What the task requires: Look through the data below and extract, unchanged, the lines from the one that contains "CLOSE ENCOUNTERS OF" to the one that contains "This exquisite sax", both included.
*** Supplied records ***
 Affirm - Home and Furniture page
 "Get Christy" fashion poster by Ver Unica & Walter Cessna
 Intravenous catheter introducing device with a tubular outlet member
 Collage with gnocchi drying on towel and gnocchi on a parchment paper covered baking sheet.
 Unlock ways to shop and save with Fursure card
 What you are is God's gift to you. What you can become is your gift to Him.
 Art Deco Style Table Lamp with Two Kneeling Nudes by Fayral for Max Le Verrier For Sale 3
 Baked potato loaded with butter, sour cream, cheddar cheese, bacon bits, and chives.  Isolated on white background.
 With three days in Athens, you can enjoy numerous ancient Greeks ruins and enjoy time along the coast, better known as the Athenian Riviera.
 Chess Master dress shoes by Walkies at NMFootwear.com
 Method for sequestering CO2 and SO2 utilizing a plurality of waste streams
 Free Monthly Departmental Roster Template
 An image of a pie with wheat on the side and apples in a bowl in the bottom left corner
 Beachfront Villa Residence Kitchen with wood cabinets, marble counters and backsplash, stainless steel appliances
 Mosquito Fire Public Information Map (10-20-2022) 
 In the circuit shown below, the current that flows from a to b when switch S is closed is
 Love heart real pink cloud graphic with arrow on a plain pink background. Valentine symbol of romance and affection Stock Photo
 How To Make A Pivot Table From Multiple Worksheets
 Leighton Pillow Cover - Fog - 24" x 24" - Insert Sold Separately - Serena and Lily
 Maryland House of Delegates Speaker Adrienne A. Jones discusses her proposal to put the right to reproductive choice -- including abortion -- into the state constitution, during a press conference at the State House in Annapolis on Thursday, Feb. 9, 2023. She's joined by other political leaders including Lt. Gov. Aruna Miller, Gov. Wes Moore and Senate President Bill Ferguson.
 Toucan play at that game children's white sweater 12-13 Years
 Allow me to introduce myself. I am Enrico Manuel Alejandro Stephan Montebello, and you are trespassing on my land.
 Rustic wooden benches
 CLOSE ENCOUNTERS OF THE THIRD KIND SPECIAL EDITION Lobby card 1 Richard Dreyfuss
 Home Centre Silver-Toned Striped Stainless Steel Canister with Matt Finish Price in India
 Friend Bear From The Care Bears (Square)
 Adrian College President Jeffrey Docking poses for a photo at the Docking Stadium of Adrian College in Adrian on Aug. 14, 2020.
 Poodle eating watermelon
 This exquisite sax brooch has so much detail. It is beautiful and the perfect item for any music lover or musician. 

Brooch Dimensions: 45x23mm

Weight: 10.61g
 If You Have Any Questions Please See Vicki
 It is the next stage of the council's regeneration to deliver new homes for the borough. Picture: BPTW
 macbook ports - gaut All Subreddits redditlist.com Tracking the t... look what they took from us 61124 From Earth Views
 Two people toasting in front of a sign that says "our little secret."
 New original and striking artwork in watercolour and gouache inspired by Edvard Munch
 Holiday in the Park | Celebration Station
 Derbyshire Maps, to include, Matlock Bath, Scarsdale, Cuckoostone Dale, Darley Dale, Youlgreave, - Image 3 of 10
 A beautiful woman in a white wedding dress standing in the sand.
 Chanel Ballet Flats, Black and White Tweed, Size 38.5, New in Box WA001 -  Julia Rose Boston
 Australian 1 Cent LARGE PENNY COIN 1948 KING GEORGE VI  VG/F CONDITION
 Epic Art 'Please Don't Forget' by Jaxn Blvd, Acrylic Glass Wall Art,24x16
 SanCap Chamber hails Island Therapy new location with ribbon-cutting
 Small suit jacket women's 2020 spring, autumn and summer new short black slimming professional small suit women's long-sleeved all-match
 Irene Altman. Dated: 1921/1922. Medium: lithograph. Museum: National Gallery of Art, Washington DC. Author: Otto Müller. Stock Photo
*** End of Supplied records ***
Response area:
 CLOSE ENCOUNTERS OF THE THIRD KIND SPECIAL EDITION Lobby card 1 Richard Dreyfuss
 Home Centre Silver-Toned Striped Stainless Steel Canister with Matt Finish Price in India
 Friend Bear From The Care Bears (Square)
 Adrian College President Jeffrey Docking poses for a photo at the Docking Stadium of Adrian College in Adrian on Aug. 14, 2020.
 Poodle eating watermelon
 This exquisite sax brooch has so much detail. It is beautiful and the perfect item for any music lover or musician. 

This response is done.